═══ GIVEN MATERIAL ═══

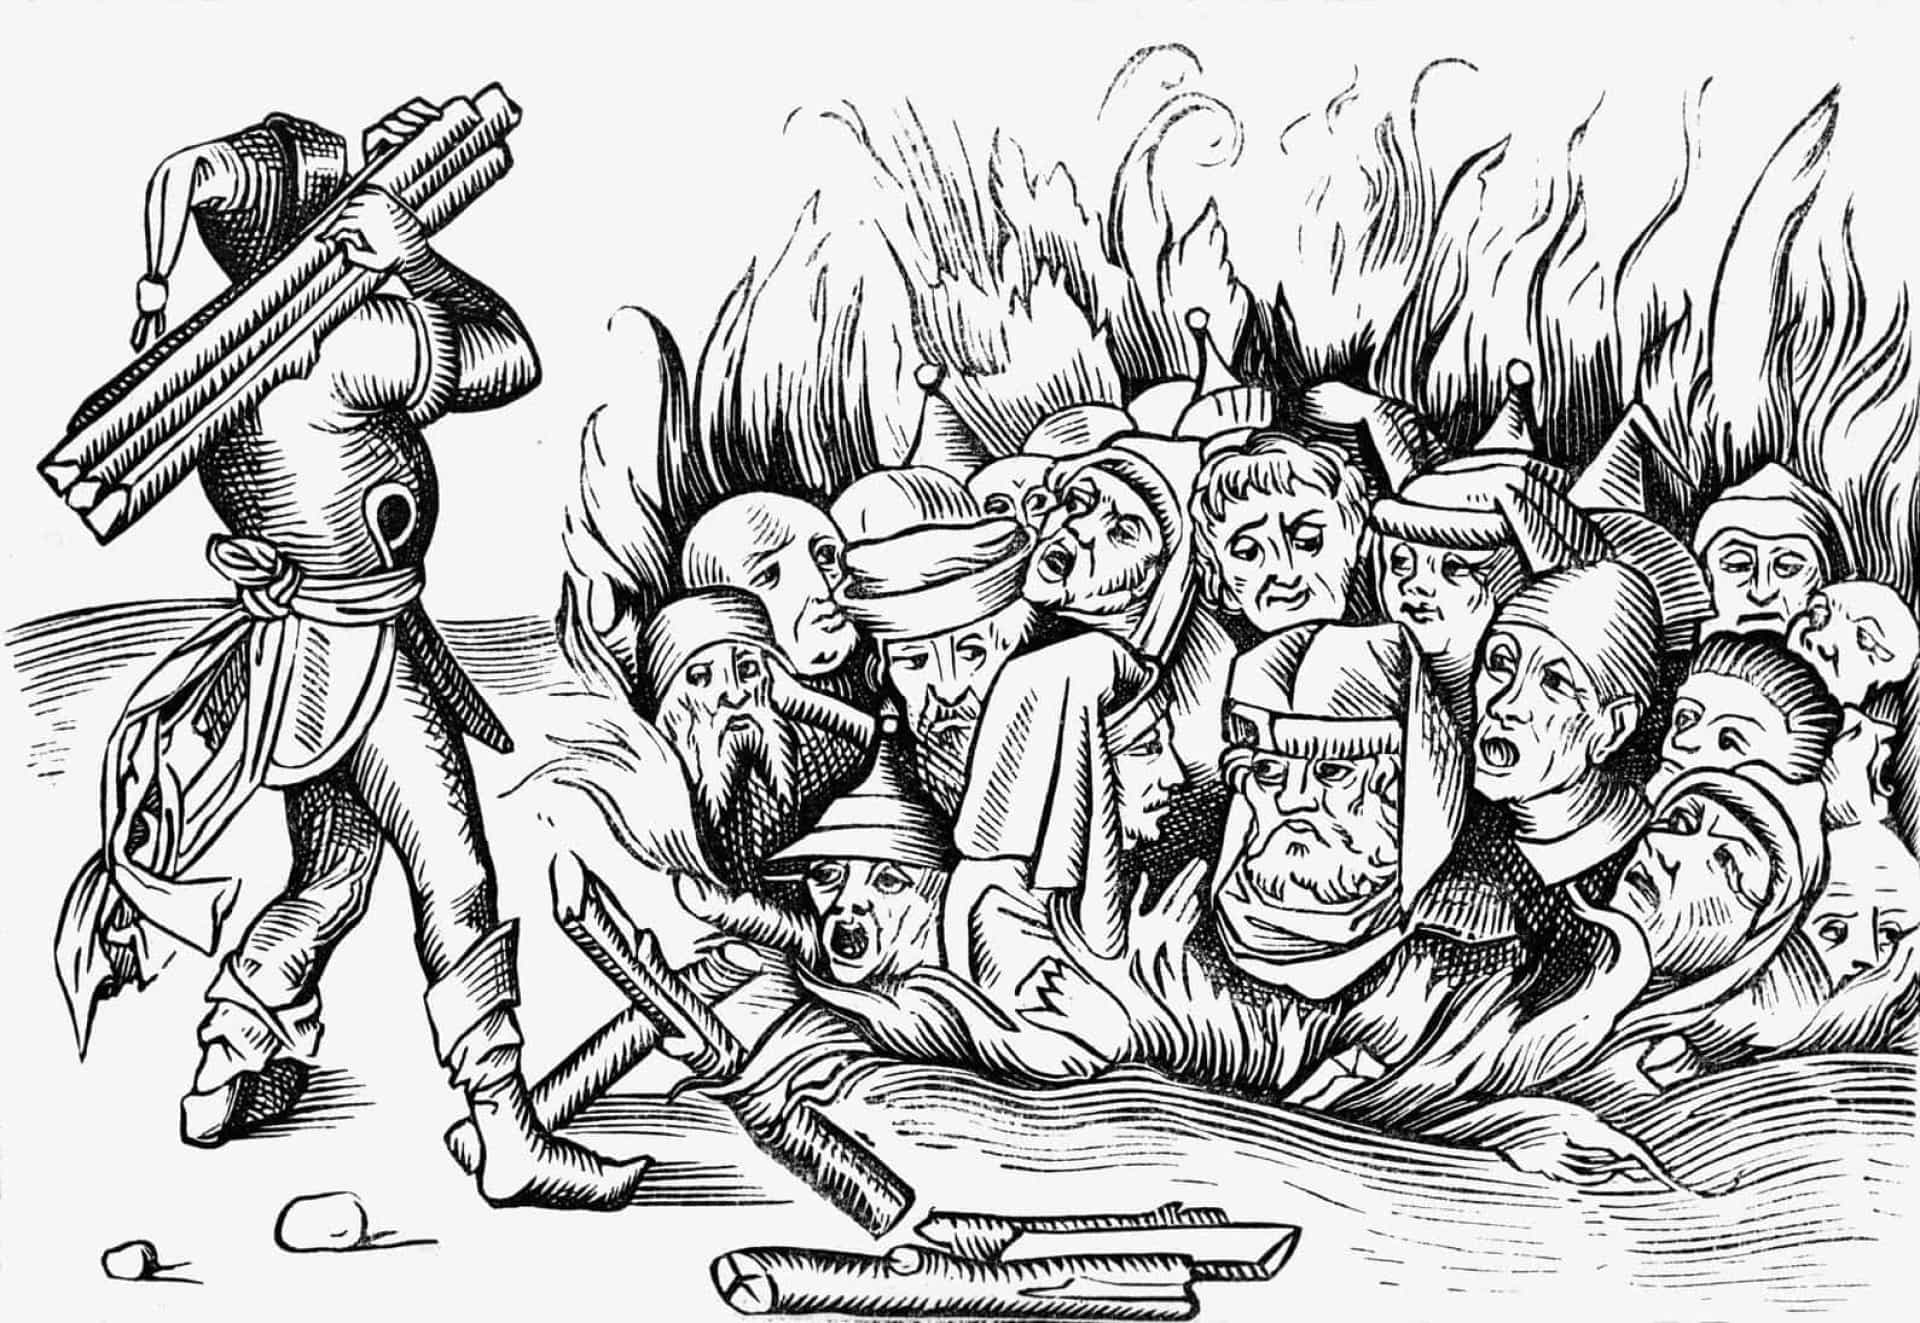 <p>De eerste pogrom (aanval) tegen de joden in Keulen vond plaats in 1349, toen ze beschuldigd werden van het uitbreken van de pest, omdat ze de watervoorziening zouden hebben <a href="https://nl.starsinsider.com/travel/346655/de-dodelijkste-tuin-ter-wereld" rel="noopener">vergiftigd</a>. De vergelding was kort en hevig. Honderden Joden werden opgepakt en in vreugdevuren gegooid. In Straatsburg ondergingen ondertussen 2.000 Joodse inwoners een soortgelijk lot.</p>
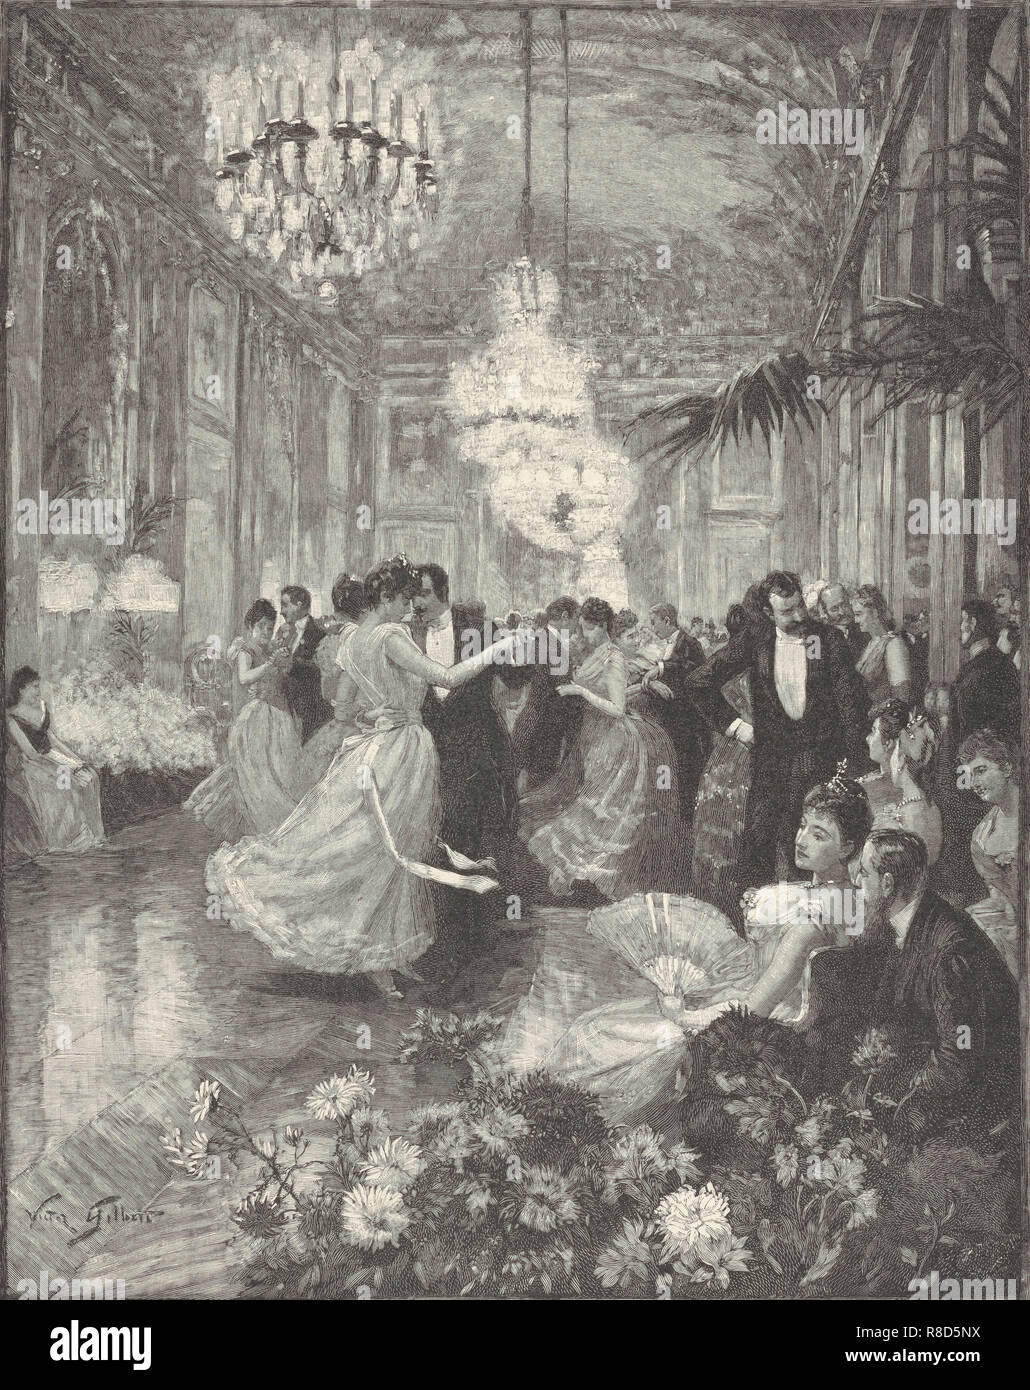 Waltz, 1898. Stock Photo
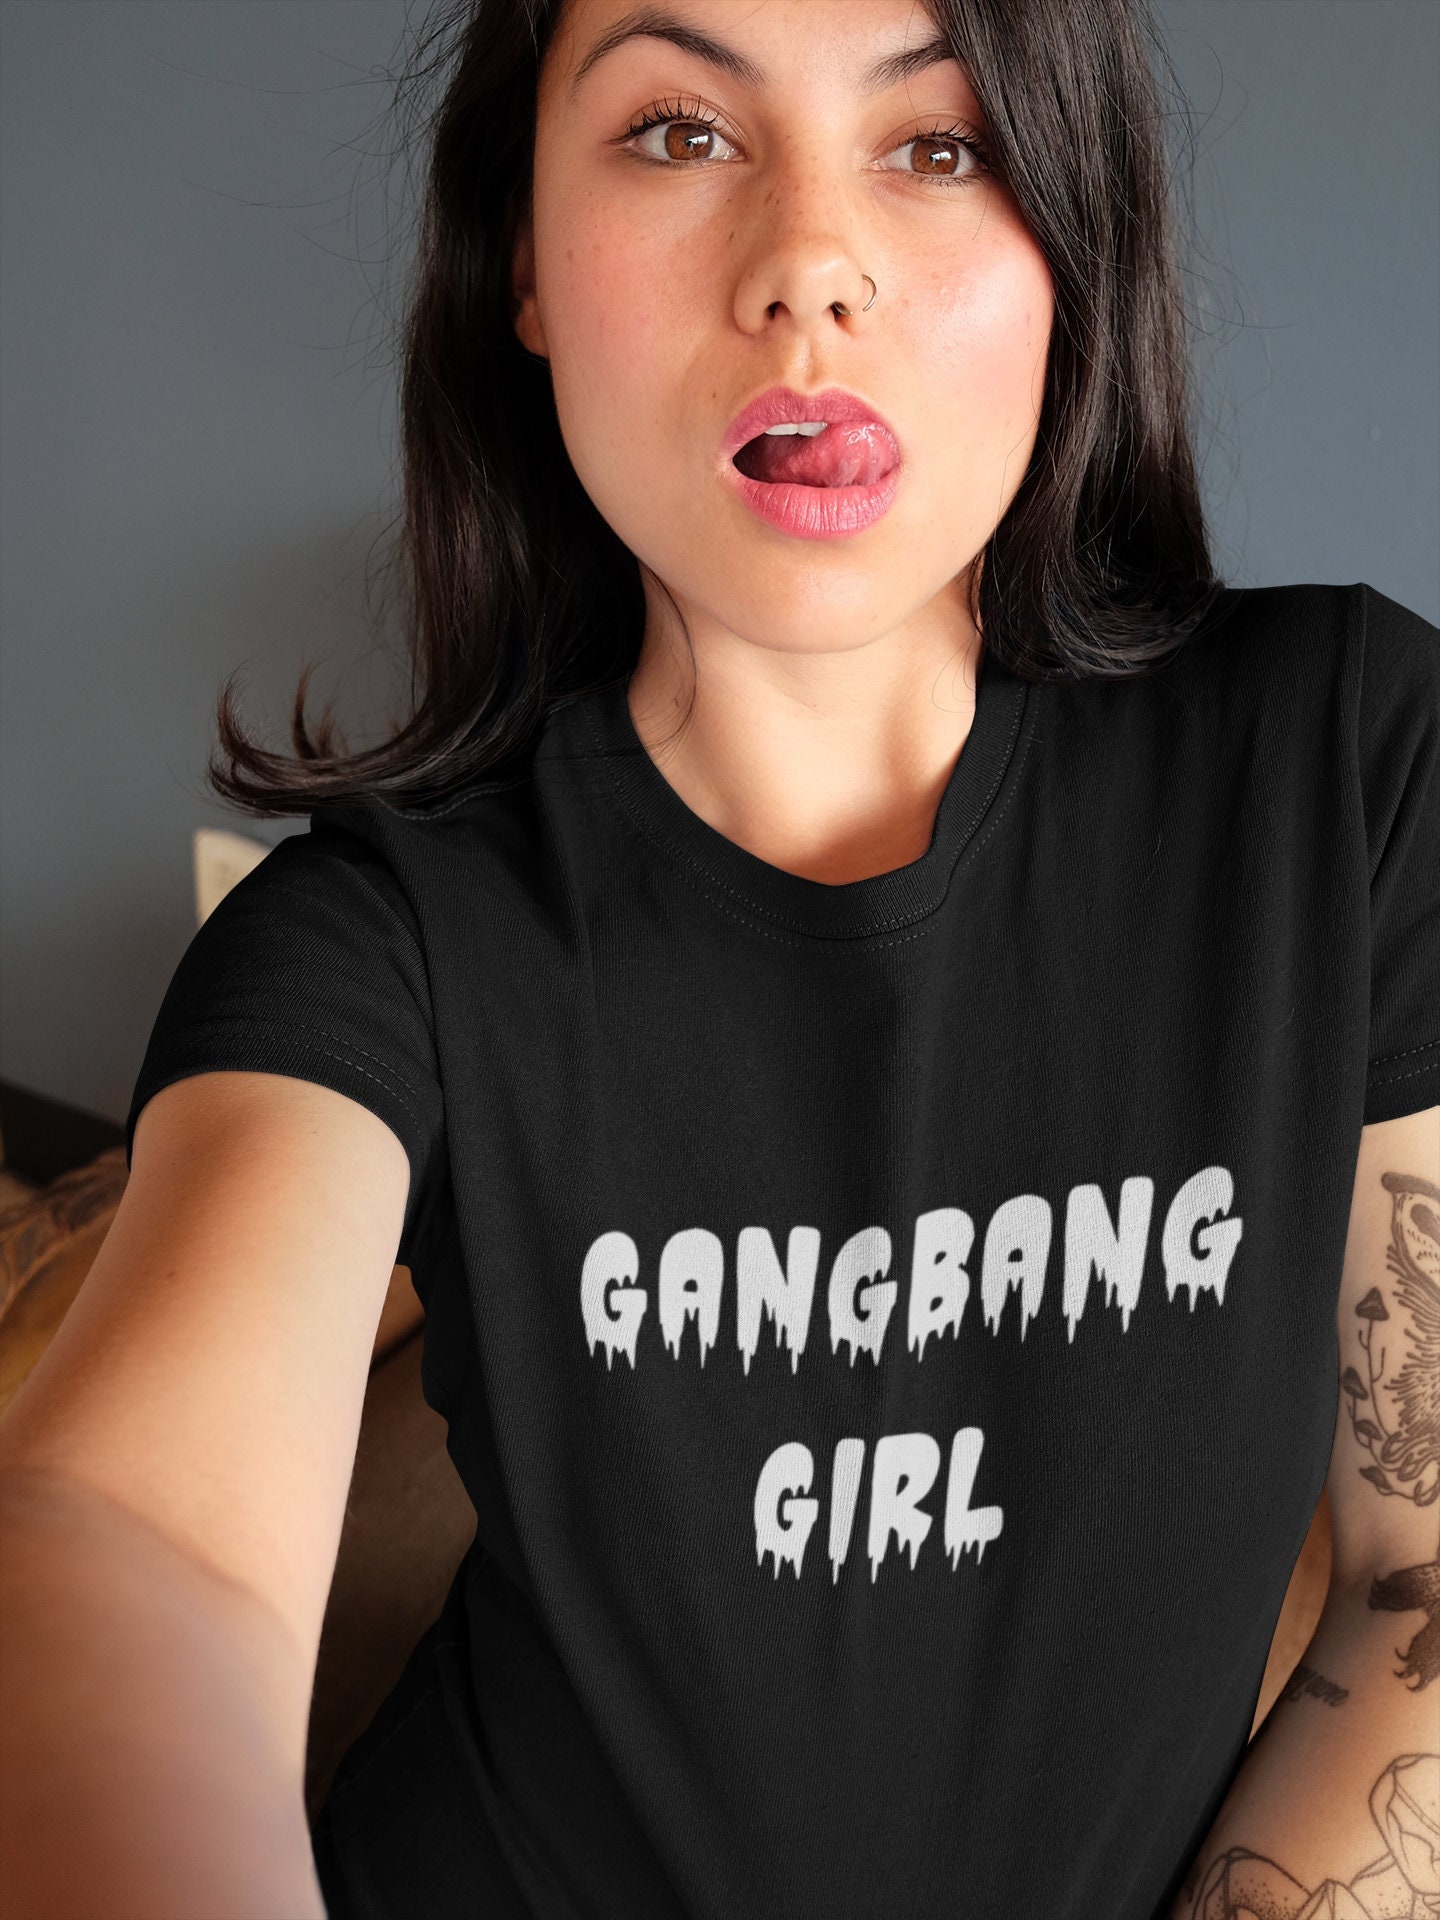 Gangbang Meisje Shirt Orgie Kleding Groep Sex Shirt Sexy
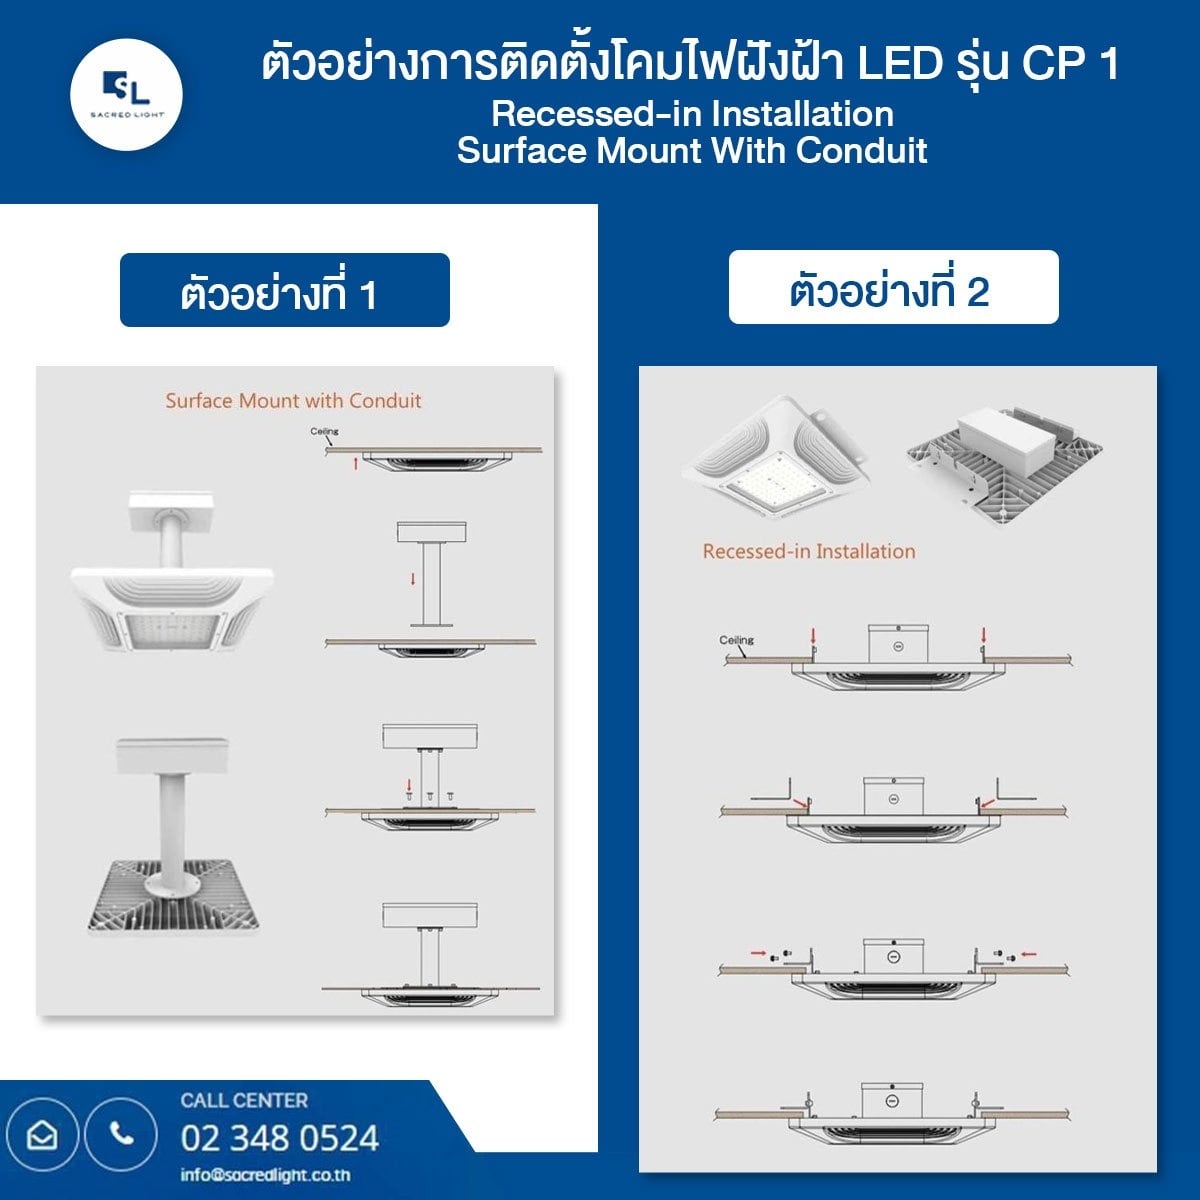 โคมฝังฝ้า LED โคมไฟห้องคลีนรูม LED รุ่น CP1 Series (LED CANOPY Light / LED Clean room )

═══

EXERCISE:
Line by line and exactly, reproduce the span from the line with "Waltz, 1898. Stock Photo" through the end of the data above, both ends included, with pictures left out.

OUTPUT FOR THIS EXERCISE:
 Waltz, 1898. Stock Photo
 Gangbang Meisje Shirt Orgie Kleding Groep Sex Shirt Sexy
 โคมฝังฝ้า LED โคมไฟห้องคลีนรูม LED รุ่น CP1 Series (LED CANOPY Light / LED Clean room )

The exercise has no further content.